How to Avoid Plagiarism When Using AI.
Using AI doesn't make it yours. Here's how to stay on the right side of the line
“I copied and pasted from ChatGPT and submitted the assignment; that’s not plagiarism.”
In simple terms, plagiarism is presenting someone else’s work or ideas as your own. With AI, that can look like copying text directly from a chatbot, turning in an essay you didn’t really write, or using sources without giving credit.
1. Know What Actually Counts as Plagiarism
Plagiarism is more than just “copying from Google”
It includes things like the following:
Taking AI-generated text and submitting it as your own without changing it.
Taking whole ideas without acknowledging where they came from.
Using quotes or data from articles, AI shows you without citing the sources.
If you didn’t write it, don’t fully understand it, or can’t explain it, that’s a red flag.

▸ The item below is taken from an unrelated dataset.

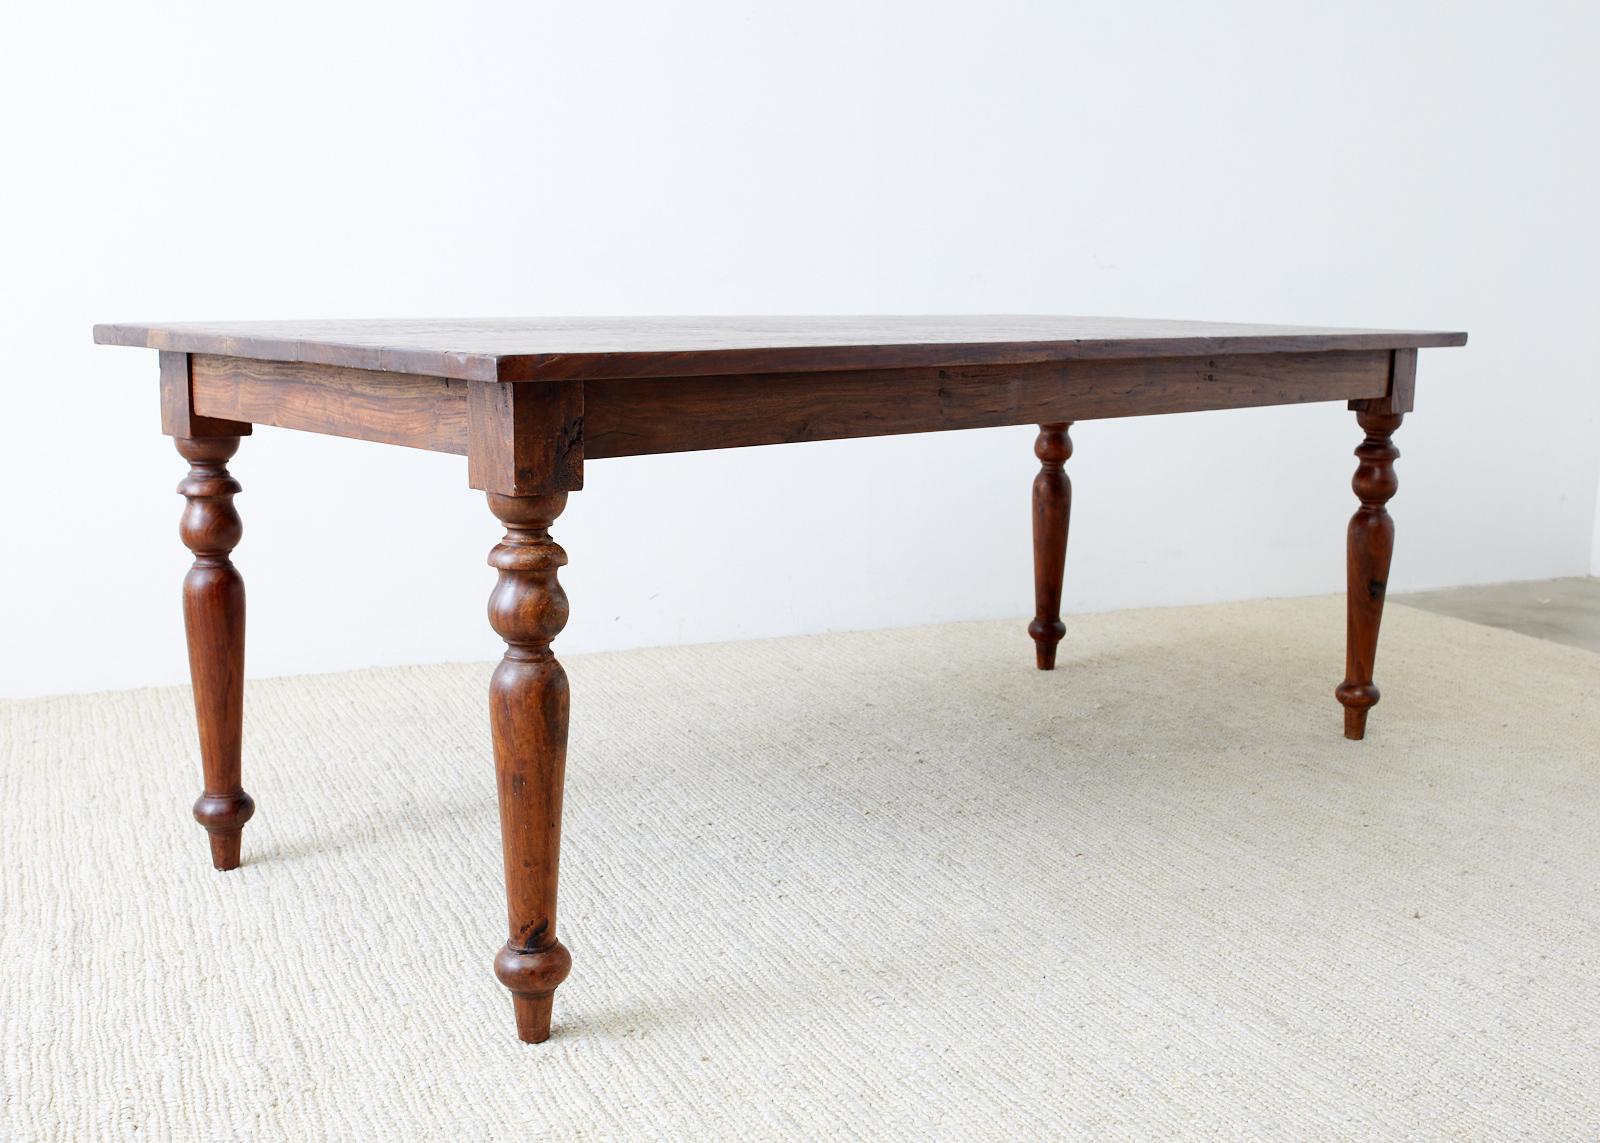 Gorgeous hardwood dining table constructed from teak or rosewood. Made in a rustic farmhouse style from hand-hewn planks 1 inch thick with a beautiful soft chink groove finish on the top. Very heavy and solid supported by elegant turned legs. The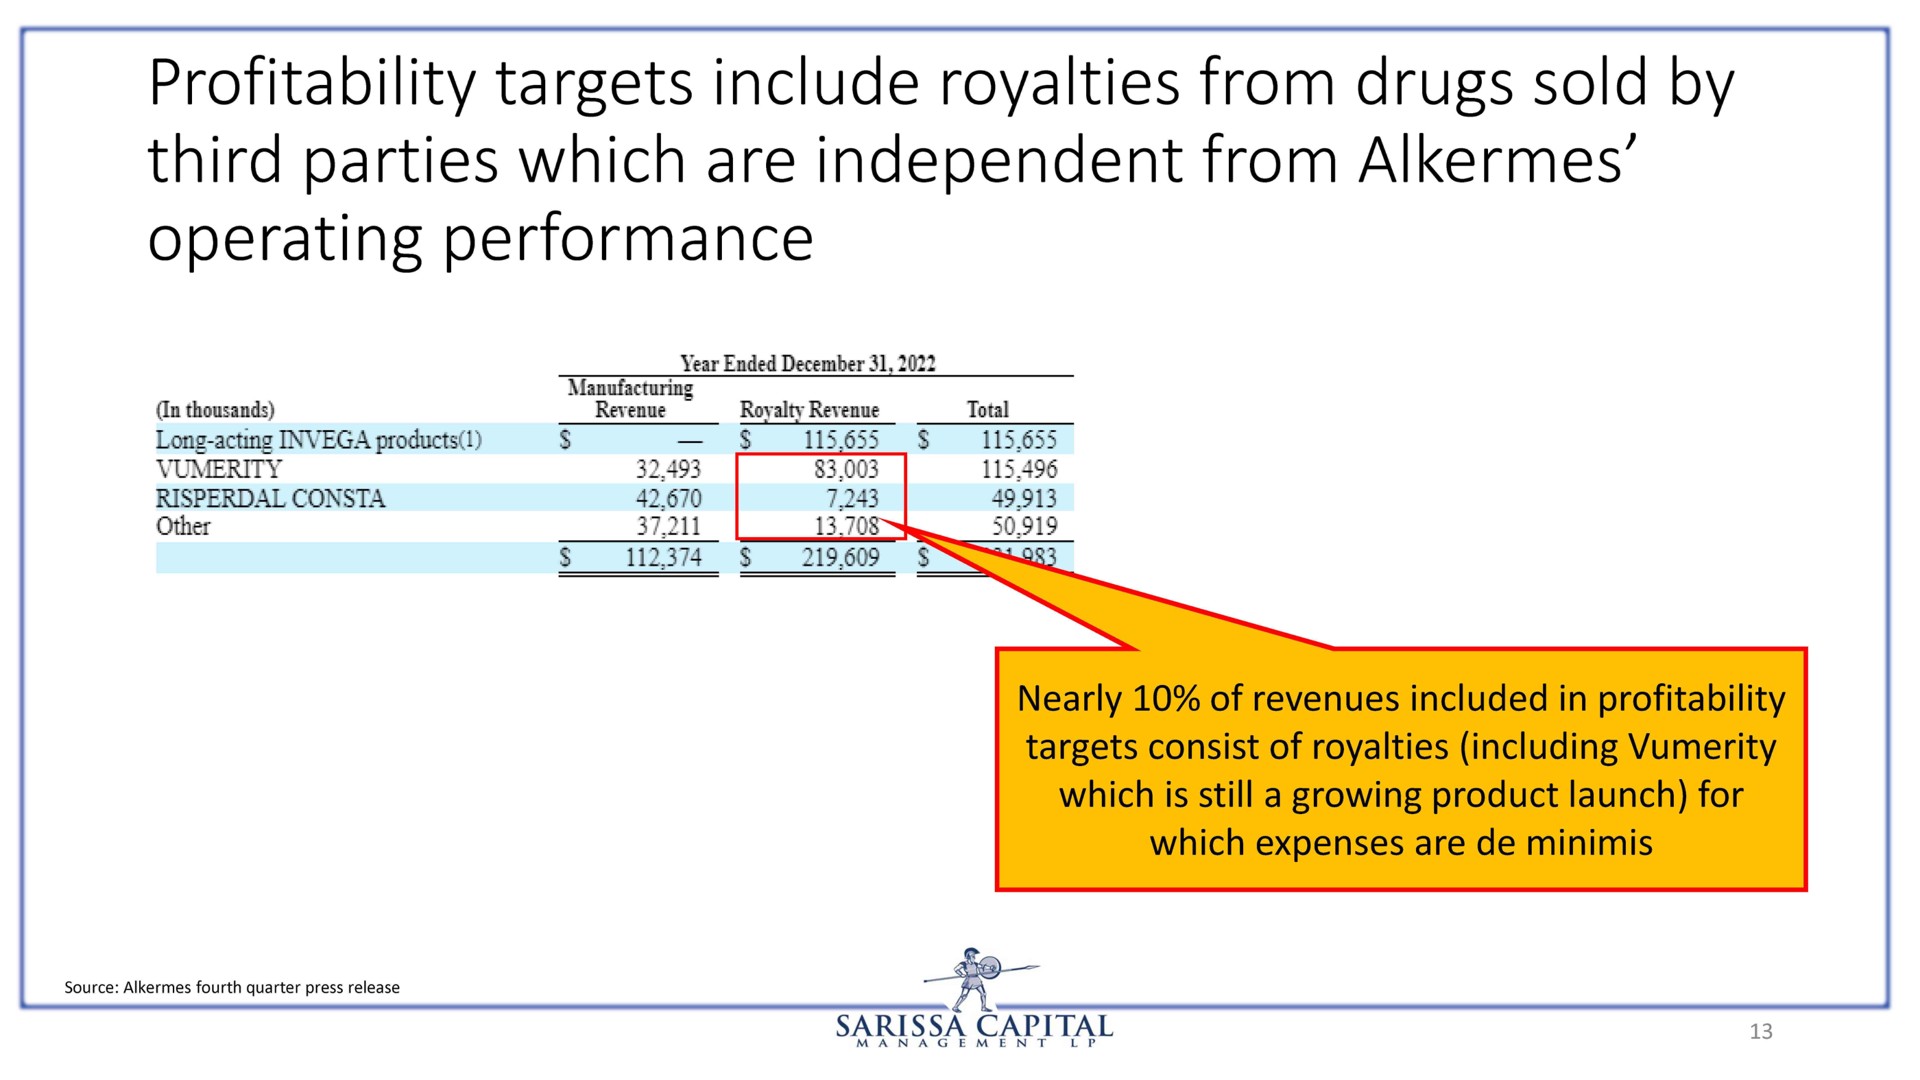 profitability targets include royalties from drugs sold by third parties which are independent from alkermes operating performance | Sarissa Capital

2. Let AI Help You Think, Then Write in Your Own Voice
Using AI to get unstuck is fine; using it so much that you don’t recognise your own work is not.
Try this:
Ask AI for a summary of a topic.
Read it, and close it.
Then write your own version from memory, adding your opinion.
Your assignment should sound like a student who attended lectures, not like a perfect blog.
3. Keep AI in Support Mode, Not Control Mode
The safest way to avoid plagiarism is to keep AI in a supporting role.
For example, you can:
Use AI to explain difficult concepts (this is a great way).
Turn your notes into practice questions so you can test yourself before writing. Tools like Acad AI excel in this.
Ask for help improving structure after you’ve drafted.
When you’ve thought and written first, AI becomes your helper, and you are the one doing the work.
Don’t forget: doing things the right way says a lot about who you are. And not to kill the mood, but your lecturers still expect originality (even in an AI world).
So, stick to it.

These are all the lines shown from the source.